また、キャビネット切り替え時の音量差が少し気になる場面もありましたが、これは使用環境による部分が大きいため、慣れでカバーできる範囲でしょう。とはいえ、こうした細かい点は“完璧を求める”人にとっての不満であって、基本的には完成度の高い一台だと思います。
まとめ:Lion ’68は音も使い勝手も本物志向のプレキシ・ペダル
UAFX Lion ’68 Super Lead Ampは、単なるアンプシミュレーターではありません。マーシャルPlexiの持つあの名機のサウンドとフィーリングを、手のひらサイズのペダルで極限まで再現した、まさに“プレキシの魂を持つペダル”です。

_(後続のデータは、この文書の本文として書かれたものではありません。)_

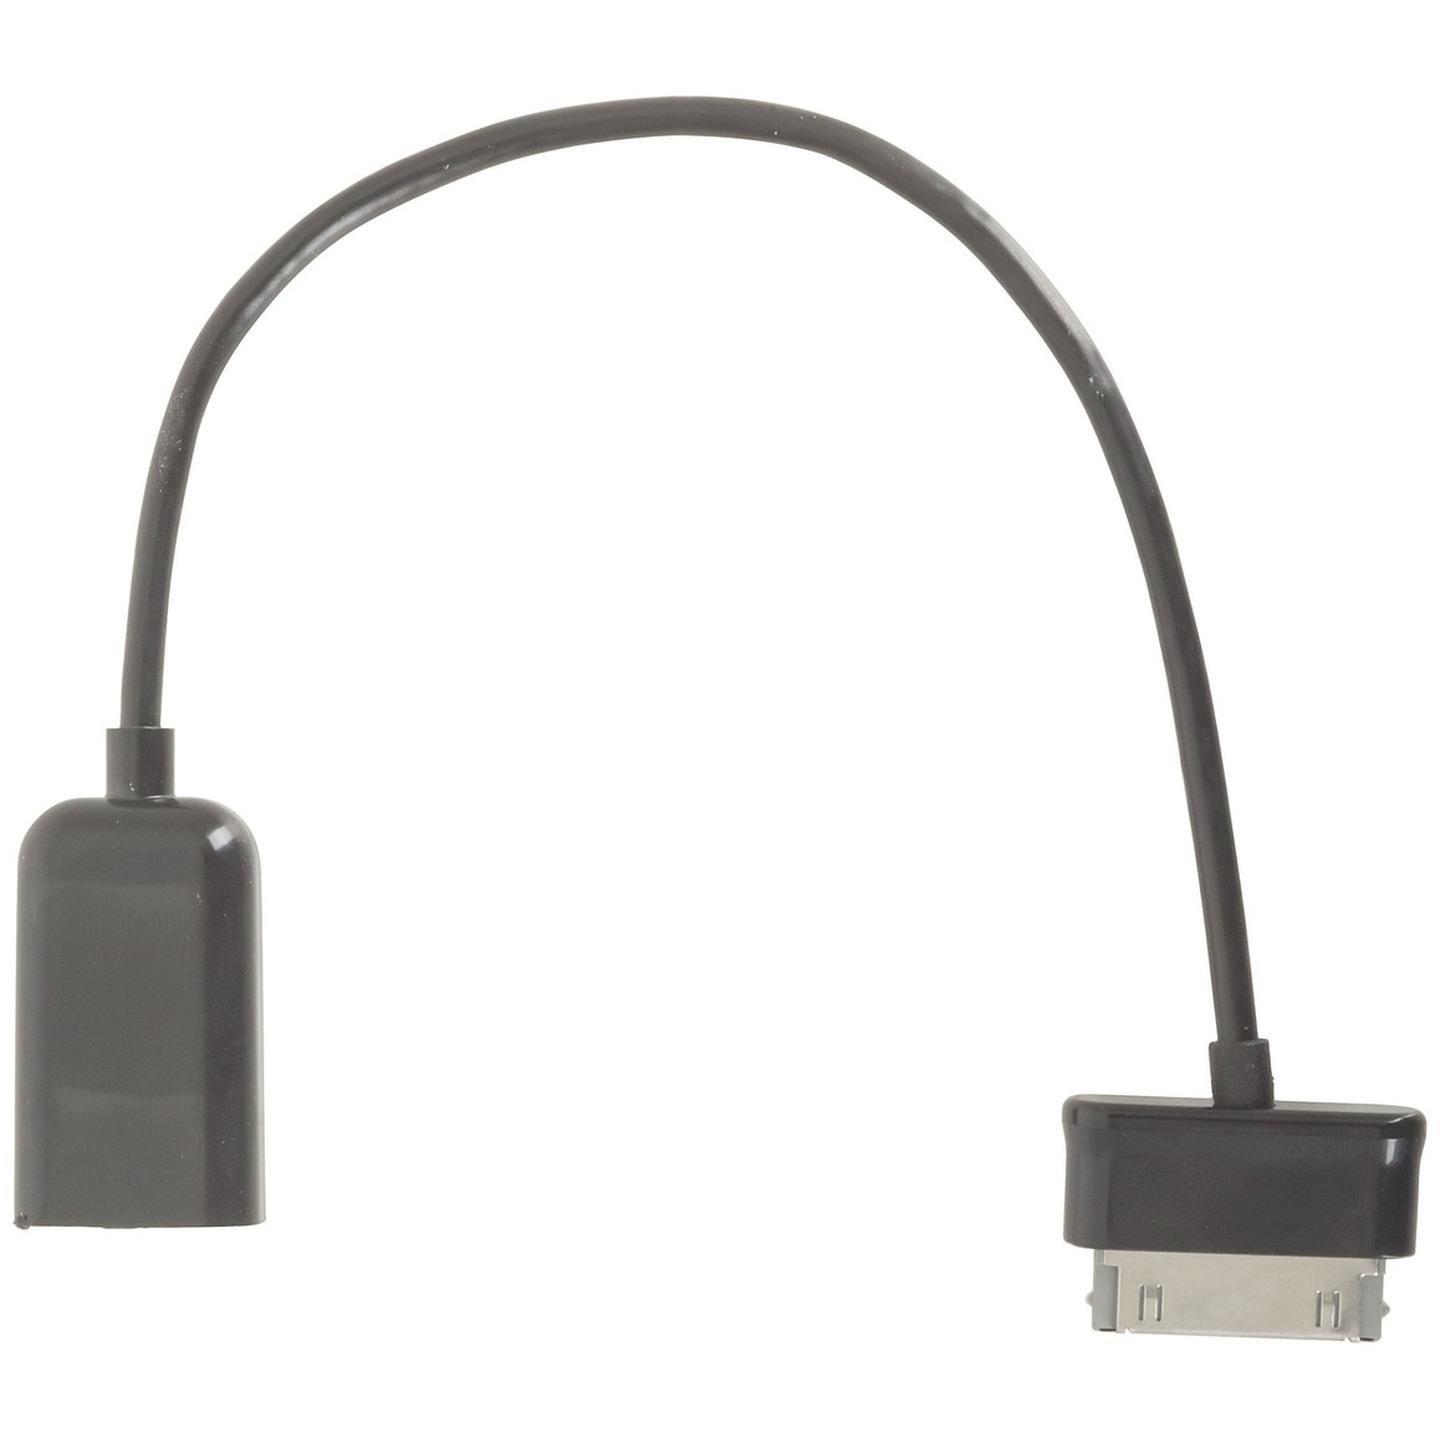 USB A Socket to Samsung OTG Adaptor

その高精度なサウンドモデリングにより、チューブアンプのような奥行きや空気感、倍音の広がりを忠実に再現。即戦力としての汎用性、ライブ現場での扱いやすさ、アプリ連携による拡張性、どれをとっても一級品です。多機能ではないかもしれませんが、そのぶん迷いがなく、まるで一本筋の通った職人のような潔さが感じられます。
価格は6万円前後と安くはありませんが、「このクオリティでこの価格なら納得」と多くのレビューで高評価を得ています。重量級のチューブアンプに疲れた人、自宅で本格的な音を出したい人、ライブで安定した音を手軽に出したい人、すべてのギタリストにおすすめしたい一台です。
音のクオリティ、操作性、携帯性、すべてにおいて妥協のない仕上がり。UAFX Lion ’68は、プレキシ系モデリングペダルの新たなスタンダードとして、確実に多くのギタリストの足元を彩る存在となることでしょう。